Situs bersejarah Notre-Dame de Paris itu dihidupkan kembali dengan bantuan teknologi AR dan 3D. Katedral Paris itu ditutup setelah kebakaran yang melanda tahun 2019.

Pameran bertajuk "Notre-Dame de Paris-the Augmented Exhibition" tersebut diproduksi oleh perusahaan Prancis Histovery, bekerja sama dengan institusi publik yang bertanggung jawab atas pelestarian dan restorasi Notre-Dame de Paris.

Guna merasakan suasana Notre-Dame secara visual, para pengunjung akan diberi komputer tablet untuk memindai "Portal Waktu" menyerupai kode QR pada bagian depan sekelompok pola, gambar, dan model tiga dimensi di setiap seksi.

Pengunjung dapat menjelajahi 21 momen bersejarah utama, proses arsitektural, serta detail konstruksi.

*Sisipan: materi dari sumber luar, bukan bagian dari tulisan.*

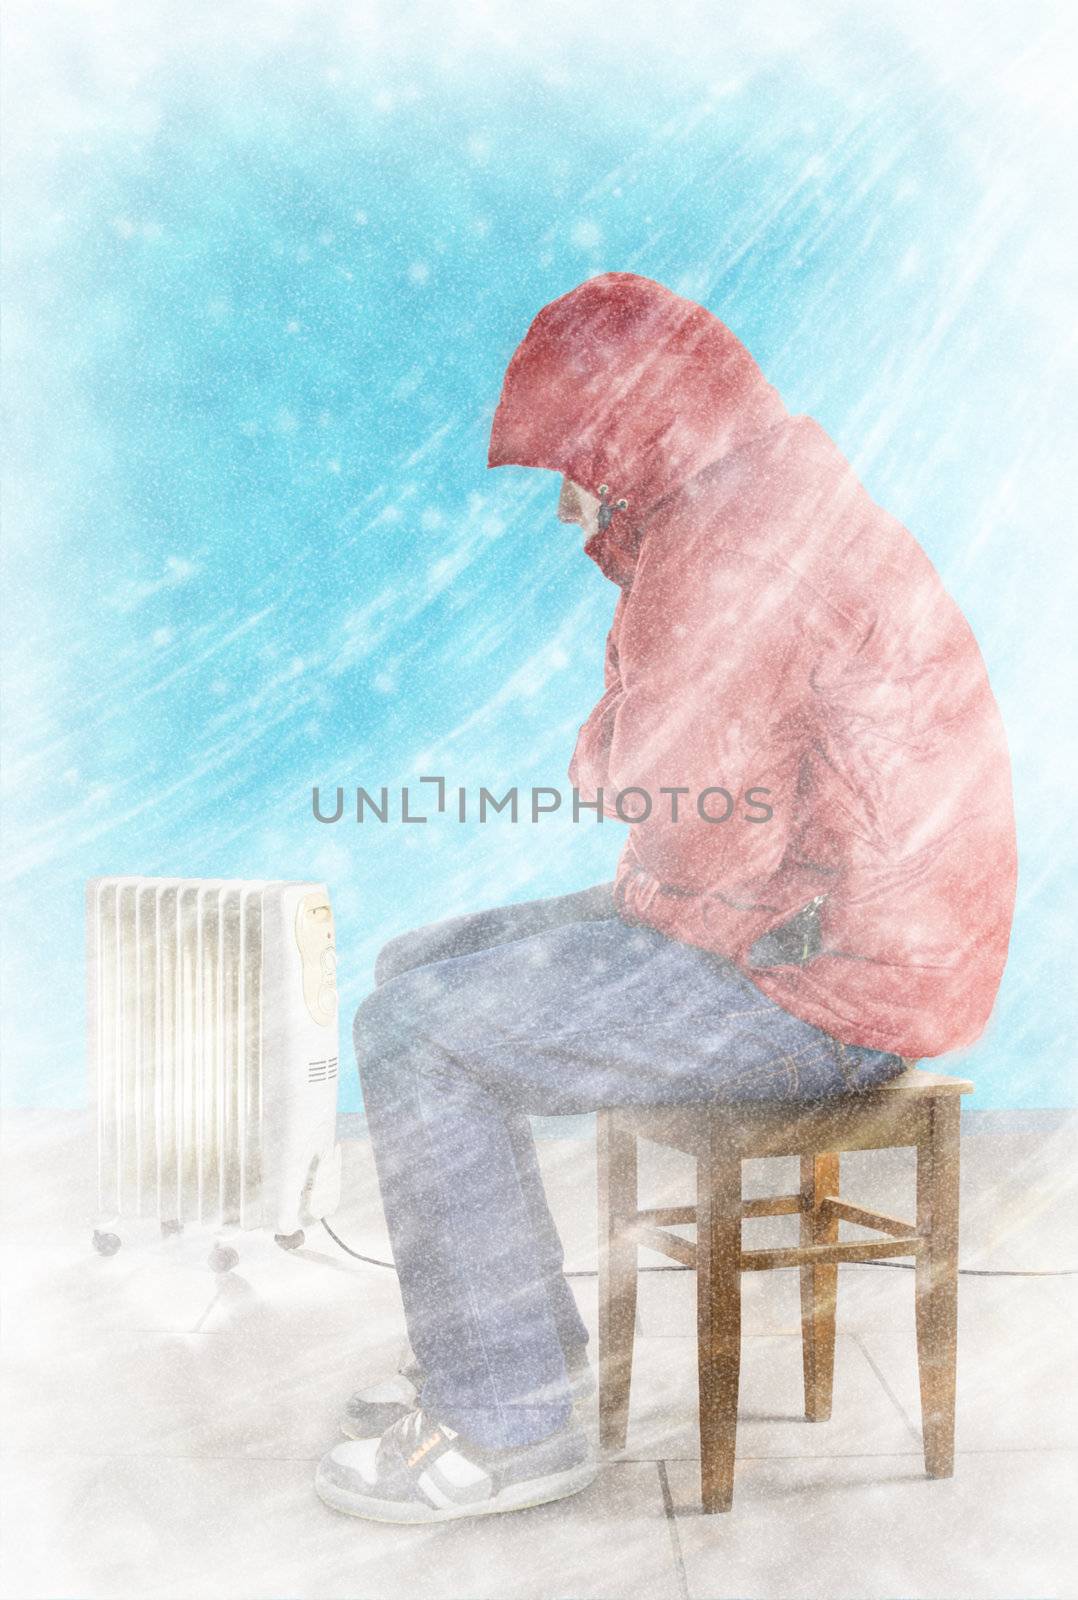 Cold winter wind with snow blows in the living room. Freezing guy in warm clothes is sitting near the heating radiator.
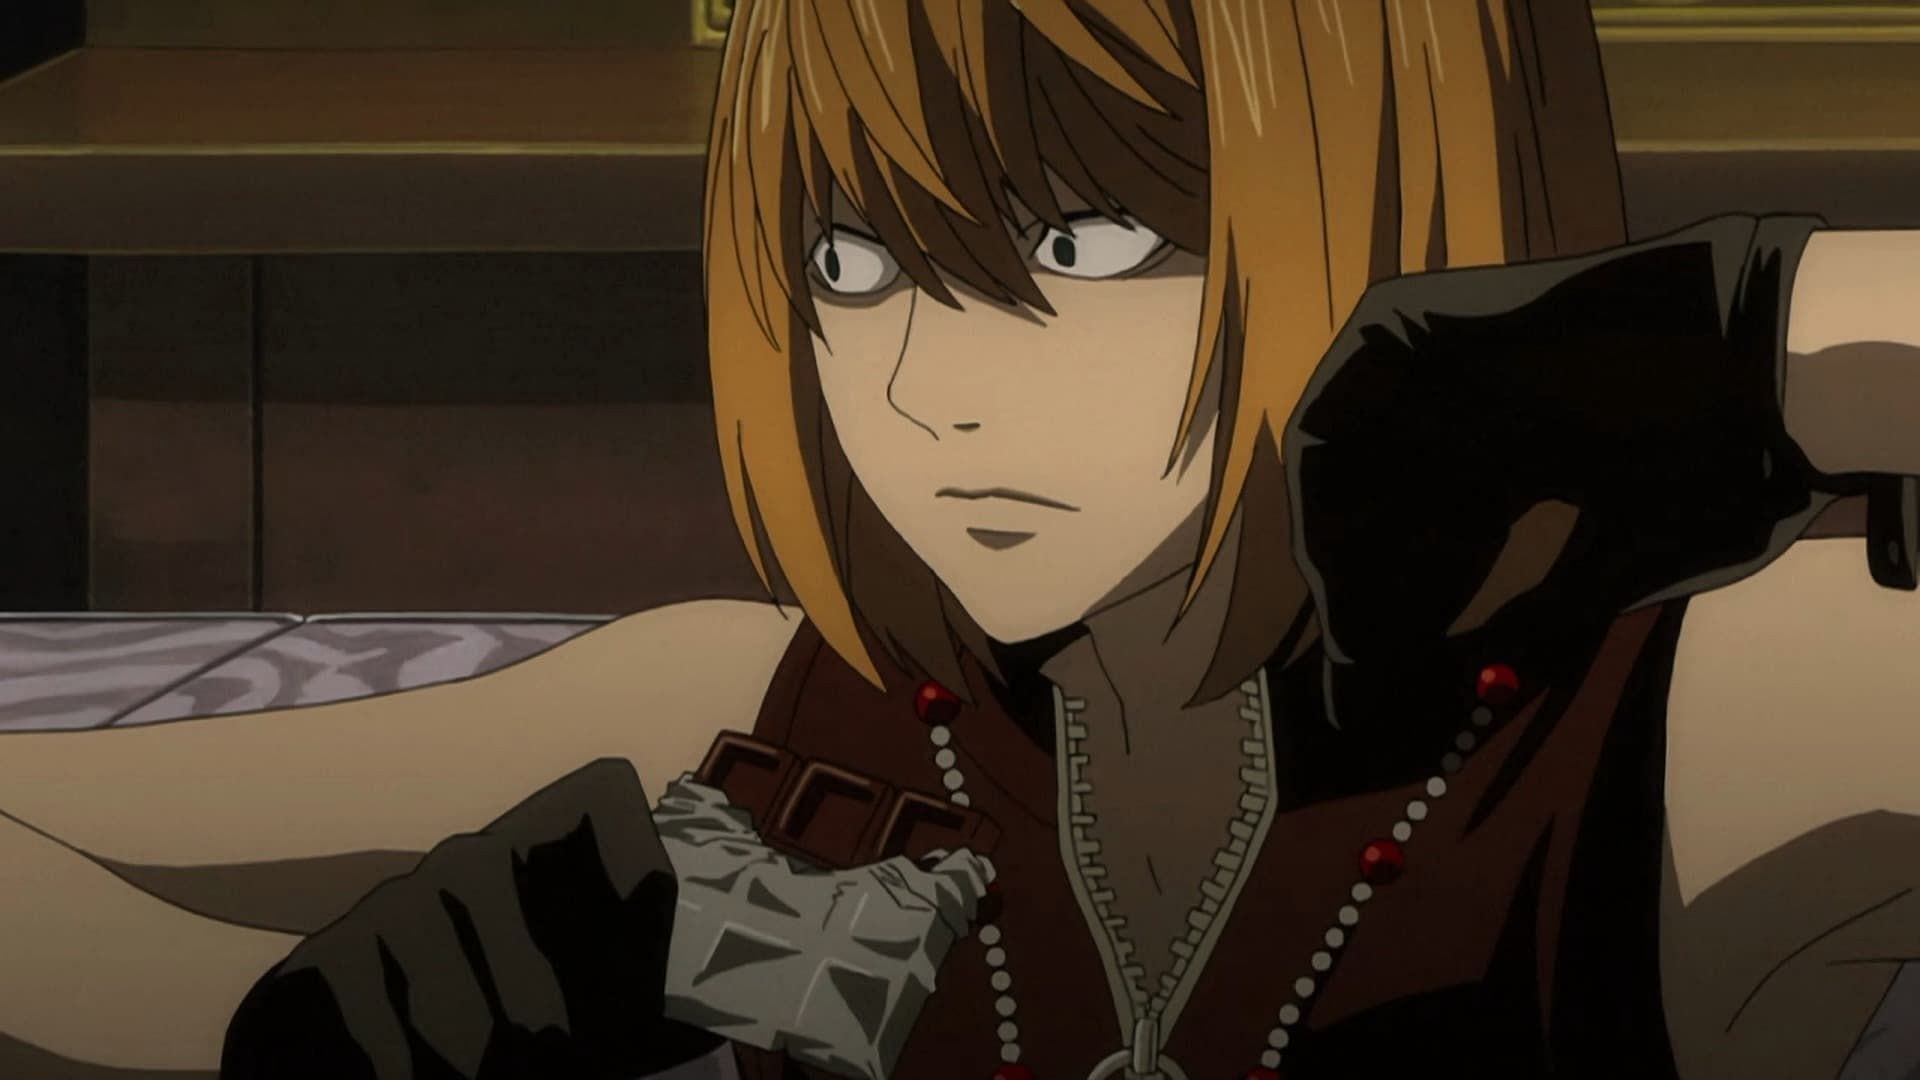 Mello would probably be a vigilante if he was a character in My Hero Academia (Image via Tsugumi Ohba, Death Note)

Mereka juga dapat memperbaiki pemandangan dalam 11 mode interaktif, termasuk interpretasi video, tampilan panorama, dan gim interaktif.

Fitur-fitur interaktif ini dapat membantu pengunjung memahami sejarah dan proses di balik Notre-Dame. Mereka juga dapat menjelajahi lokasi perbaikan yang tengah dilaksanakan di Paris.

"Kami mencoba membawa lebih banyak pengalaman interaktif ke sejumlah museum dan tempat bersejarah di seluruh dunia," kata Morgan Fourdrigniez, perwakilan Histovery untuk China.

Fourdrigniez menjelaskan pameran tersebut dikembangkan selama dua tahun untuk memastikan bahwa komputer tablet HistoPad mencerminkan tampilan historis Notre-Dame secara akurat. Proses tersebut melibatkan komite ilmiah yang terdiri atas delapan ahli di bidang sejarah seni, sejarah, dan sejumlah bidang lainnya, tambahnya.

Selain menjadi contoh nyata tentang bagaimana teknologi canggih dapat meremajakan situs bersejarah, pameran itu juga dianggap sebagai jalan untuk memperdalam pertukaran budaya antara China dan Prancis.

Notre-Dame de Paris tidak hanya merupakan bagian penting dari warisan budaya Prancis, tetapi juga harta karun bagi peradaban manusia, kata Fourdrigniez.

Sebelum di China, pameran itu telah digelar di Uni Emirat Arab, Amerika Serikat, Jerman, dan sejumlah negara lain. Selanjutnya, penyelenggara berharap dapat menggelar pameran di Jepang.

Fourdrigniez mengatakan Histovery secara aktif mencari peluang untuk menggelar pameran di kota-kota lain di China, guna mendorong lebih jauh pertukaran budaya antara China dan Prancis.

Sebagai perhentian pertama pameran itu di Asia, acara yang digelar di Shanghai dibuka untuk umum mulai 2 Desember 2022 hingga 2 Januari 2023. Pameran itu juga menawarkan perjalanan menembus ruang dan waktu yang mencakup sejarah sepanjang 850 tahun dan kelahiran kembali katedral monumental tersebut.